Краузе отличался исключительной общительностью, и потому в сферу его влияния, воздействия и очарованности попадали чуть не все, кому судьбой была уготована хотя бы самая краткая с ним встреча. Надо признать, в немалой степени тому способствовала еще и его неуемная страсть к вину. Правда, последнему он четко знал свой час, на работе был всегда во время, непременно аккуратно одет и наглядно работоспособен.
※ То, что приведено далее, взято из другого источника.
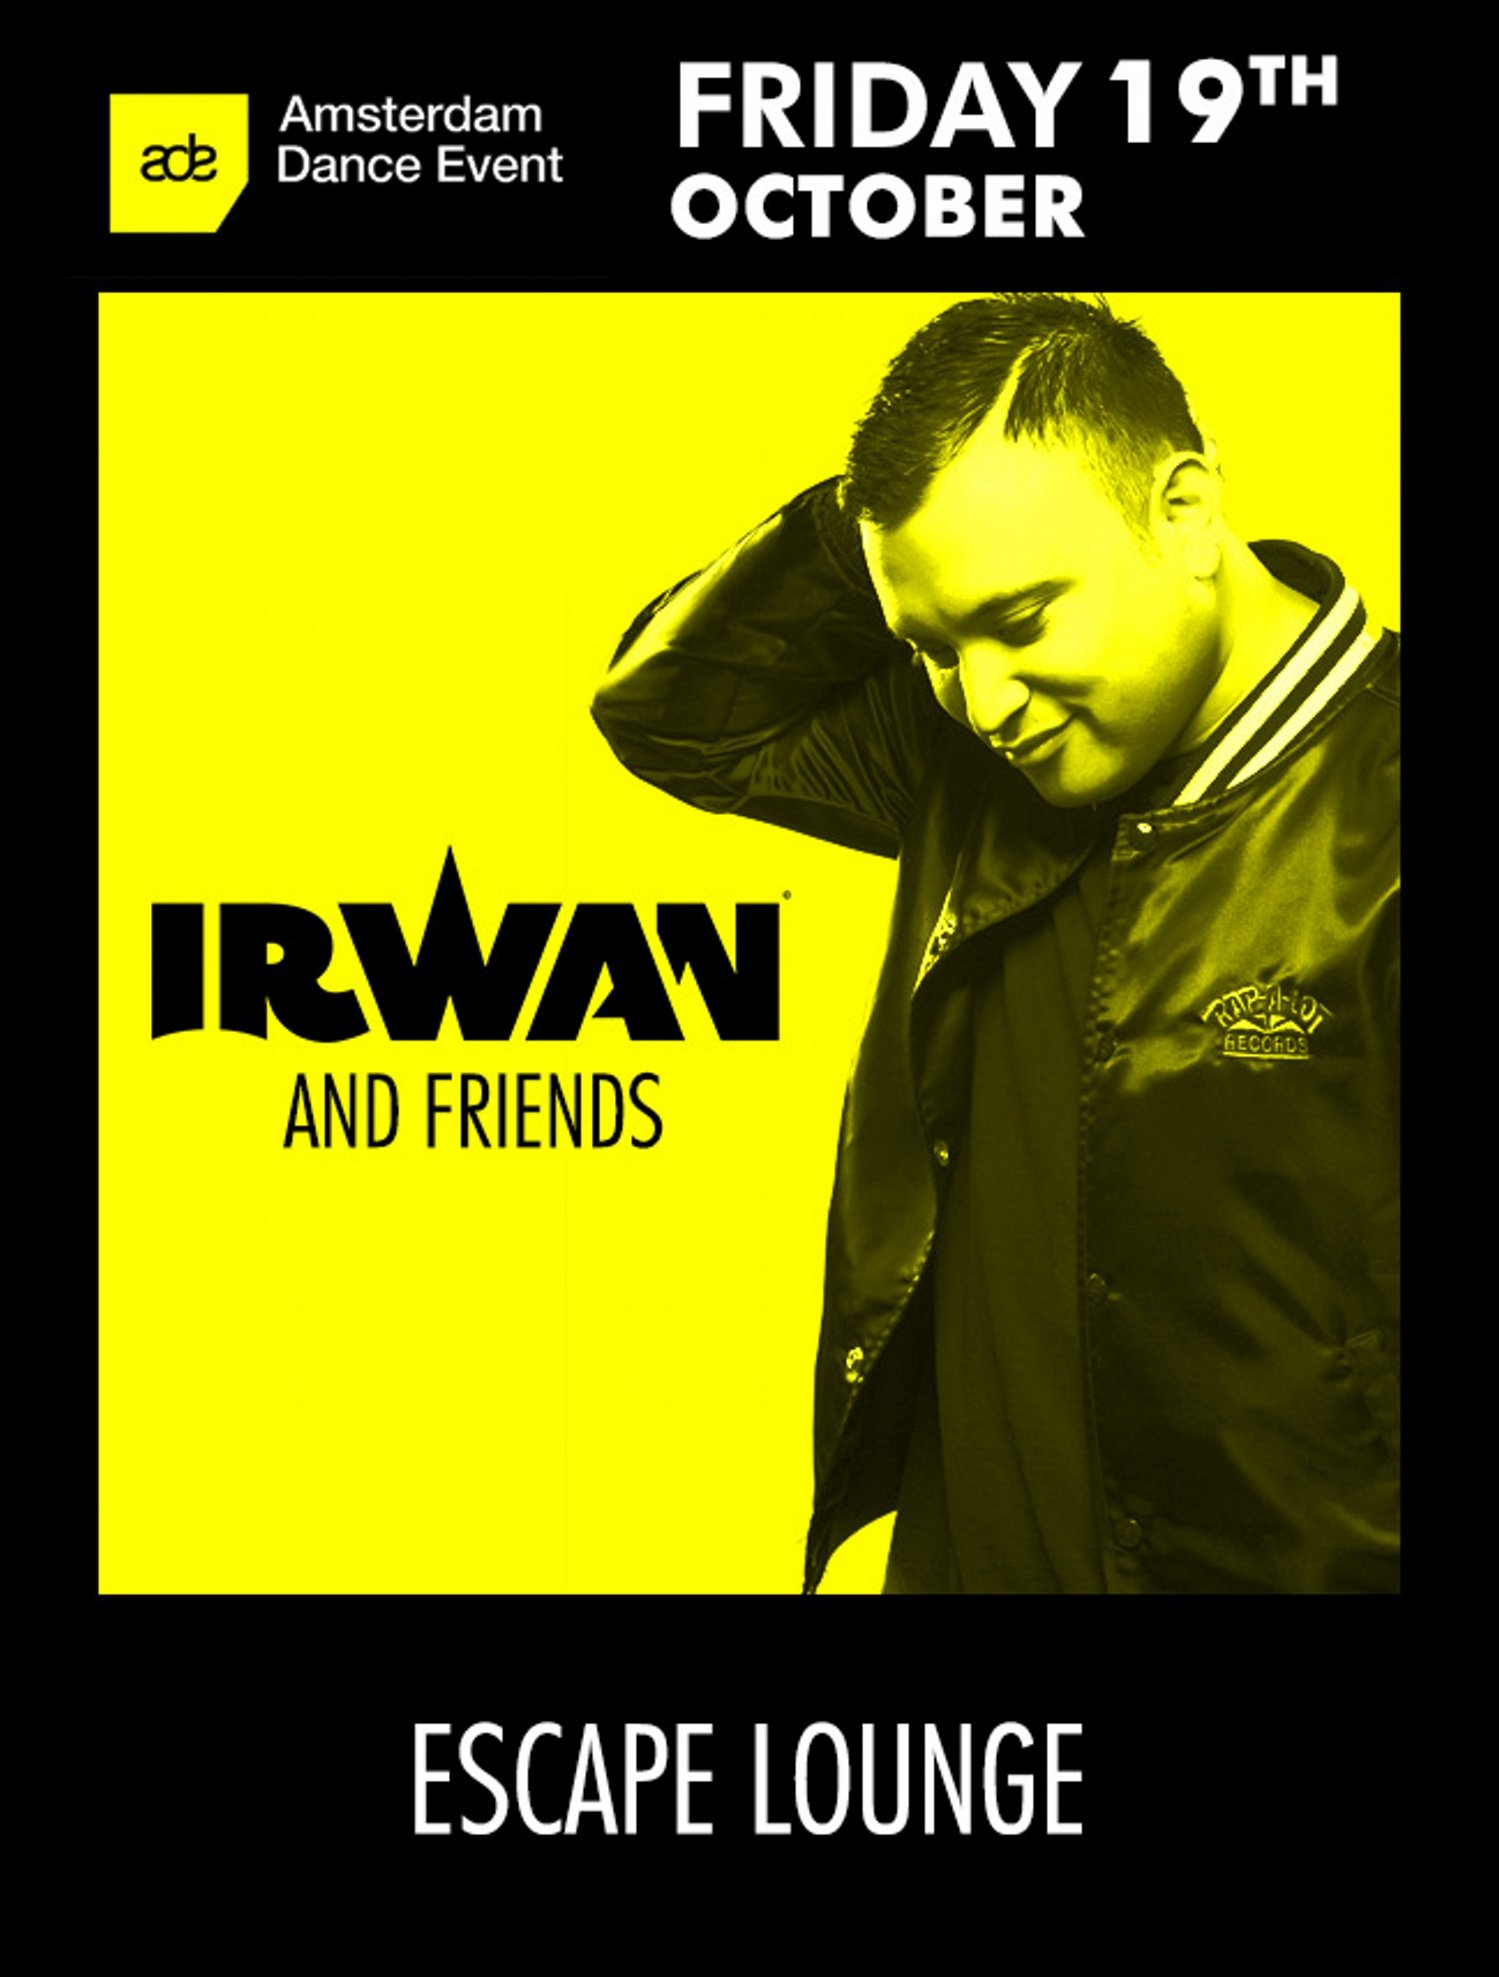 DJ Irwan & Friends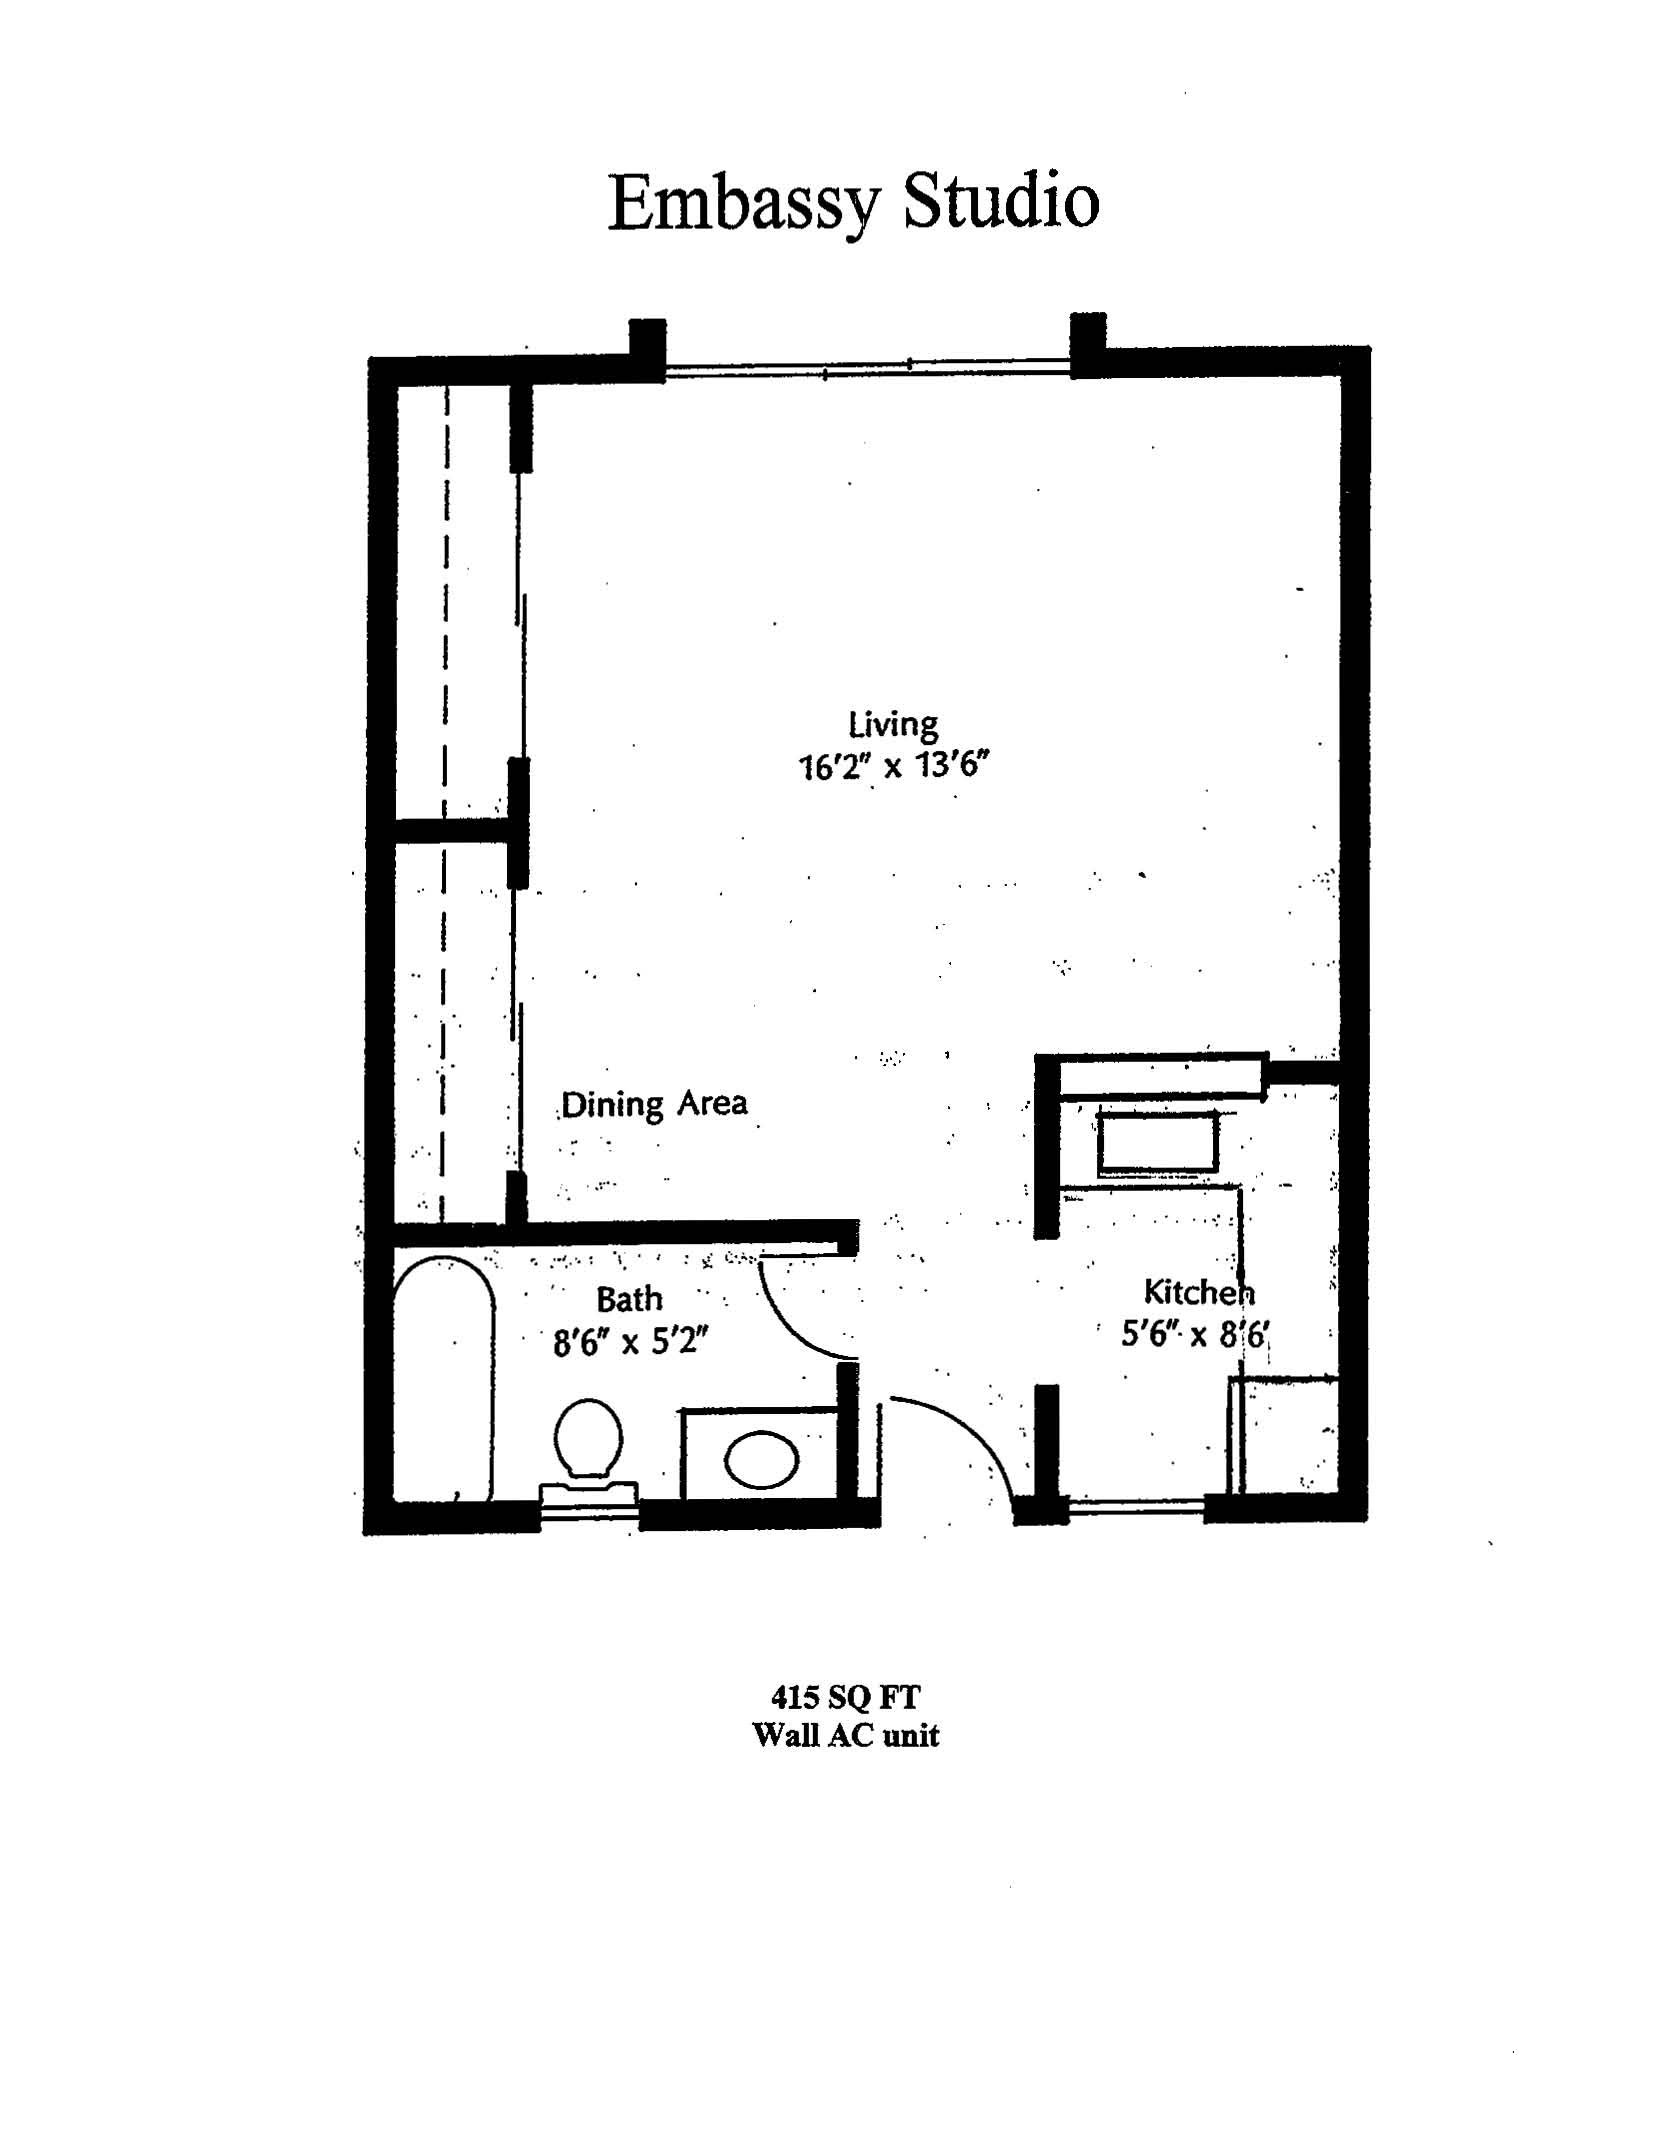 WestShore Apartments/Embassy Apartments - Floorplan - EMBASSY - Studio

Долгое время я считал его непревзойденным добряком, единственной потребностью которого, казалось, было угодить другому. Мое заблуждение. Он был таковым, пока оно отвечало его натуре, природному естеству. Любое же ущемление свободы не терпел органически и защищал свои желания решительно и даже грубо. Однако положительные составляющие его личности были настолько сильны и многочисленны, что он очень редко проявлял подобное.
Первый раз я был свидетелем его «слабости» в 1953 году, когда он в резкой форме буквально отчитал бывшего тогда у нас руководителем лодочного похода Малькова. Тот позволил себе, со ссылкой на некую имевшую место договоренность, высказать неудовольствие по поводу желания команды, не без участия Геннадия Николаевича, «отметить» впадение Туры в Тобол, до которого мы и доплыли-то в вечерний час и, к тому же, после тяжких трудов и «сухой» целой недели. Однако Краузе был лидер, причем неформальный, и потому отстаивать свои «права» таким образом ему приходилось в исключительных случаях. Он их завоевывал другим способом. Ну, например, таким.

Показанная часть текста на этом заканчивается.